Issue 2 – Who Should Determine the Valuation Date?
[50] The Purchasers submit that this Court should rule on the valuation date issue. In Maurice v. Alles et al., 2013 ONSC 6046, [2013] O.J. No. 4568, the Respondent sought the appointment of an arbitrator to deal with the FMV of shares which the Respondent sought to sell under a Unanimous Shareholders Agreement (the “USA”). The USA provided that if the FMV of the shares was in dispute, an independent business valuator would determine the FMV of the shares as of the last day of the month preceding the month in which the triggering event occurred. If there was a dispute relating to the implementation of any provision of the agreement, it was to be resolved by arbitration. PWC was appointed to value the shares. The Respondent disputed the valuation date and brought claims for oppression and breach of contract. He sought to have the issues arbitrated or dealt with by the Court.

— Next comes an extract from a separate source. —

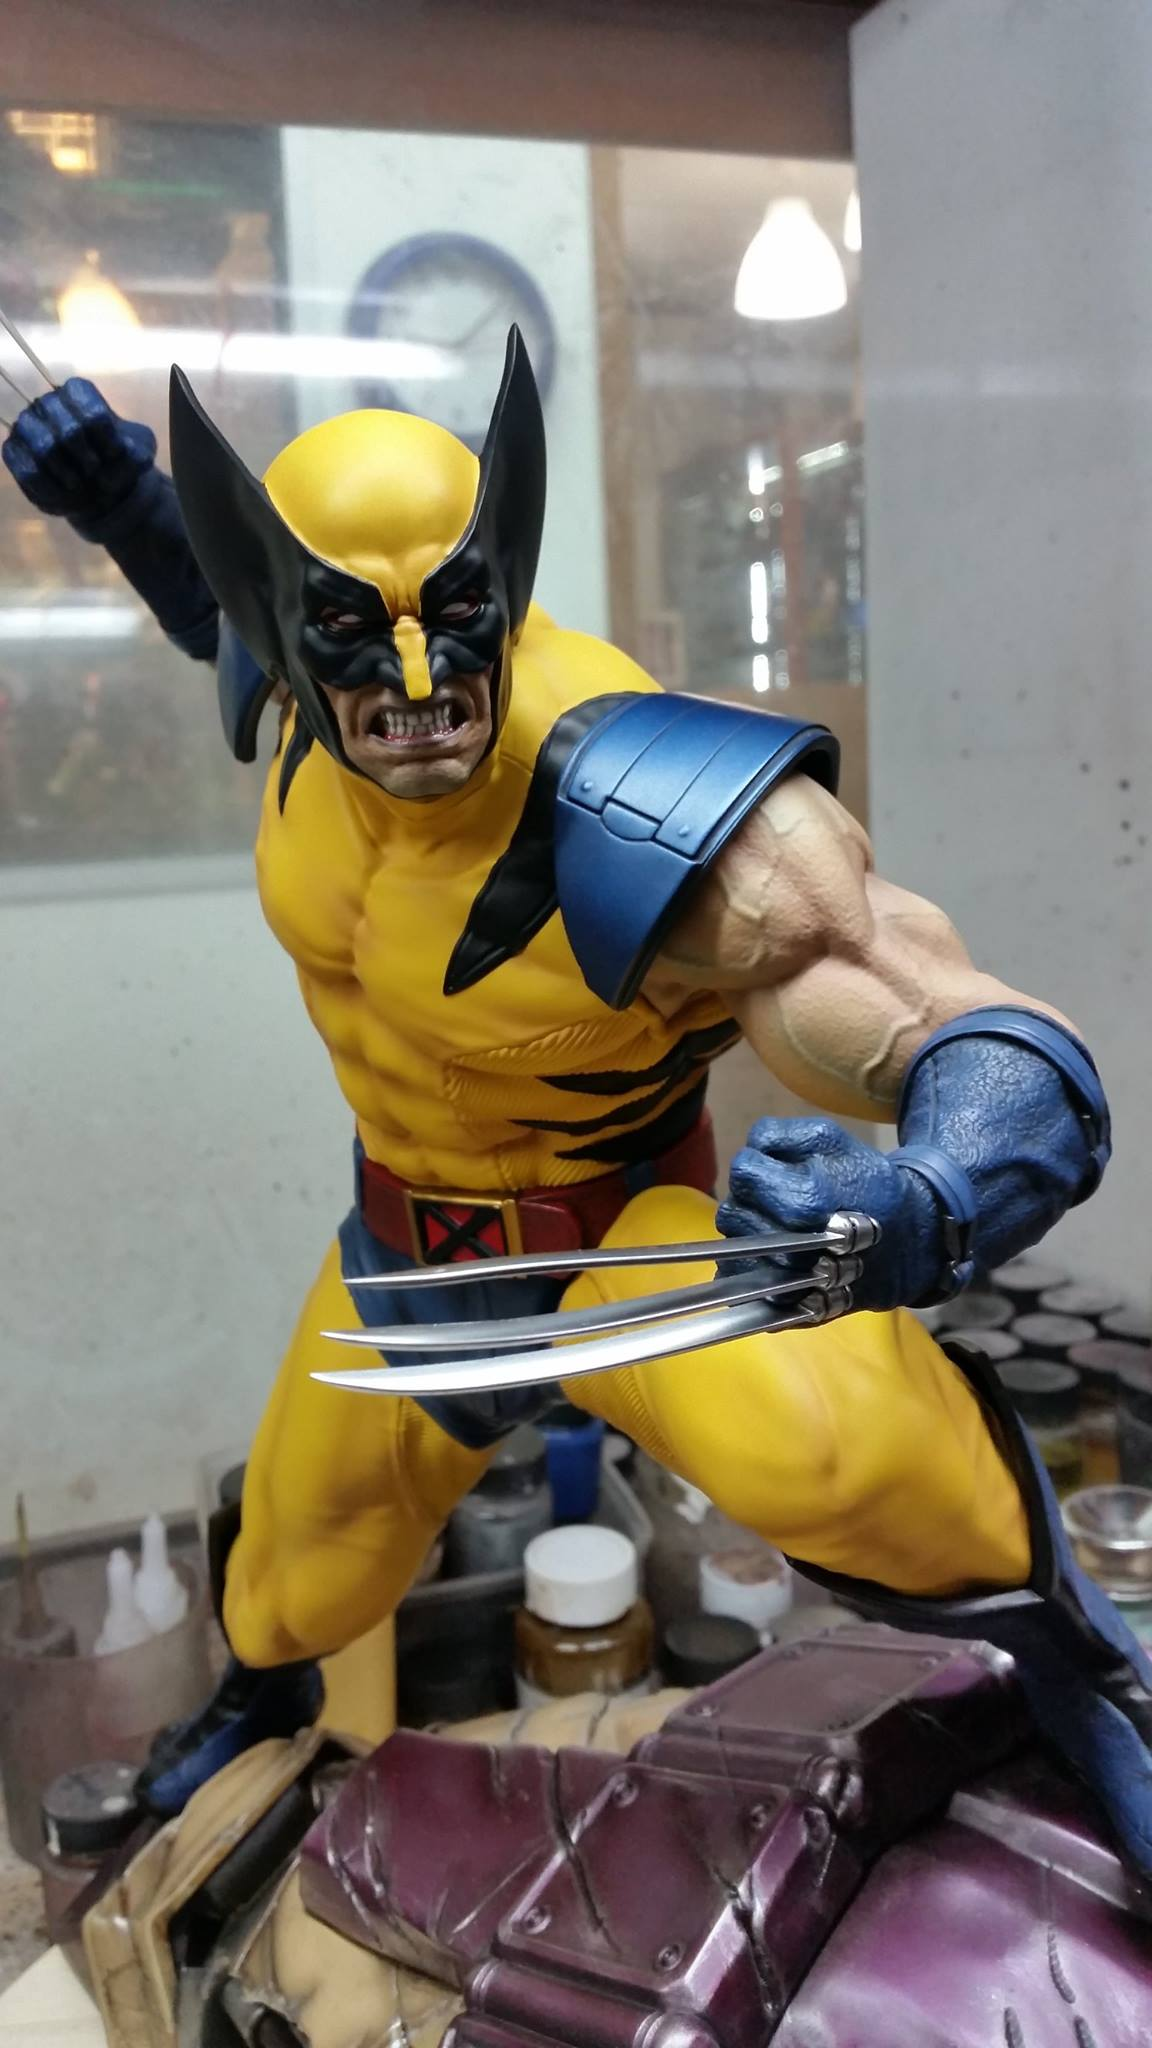 Premium Collectibles : Wolverine - Comics Version - Page 2 4990661046060714171091318431151700177611781895484o

[51] The Court identified that dispute was one which would trigger an arbitration under the agreement but for the fact that the dispute involved a person who was not a party to the USA. The Court ordered that the oppression and breach of contract claims be dealt with by the Court before a valuator was appointed. The valuator would deal with the valuation date issue: see Maurice, at paras. 36-38.
[52] Section 6 of the Act restricts the Court’s intervention in matters governed by the Act except in the following circumstances:
- To assist the conducting of arbitrations.
- To ensure that arbitrations are conducted in accordance with arbitration agreements.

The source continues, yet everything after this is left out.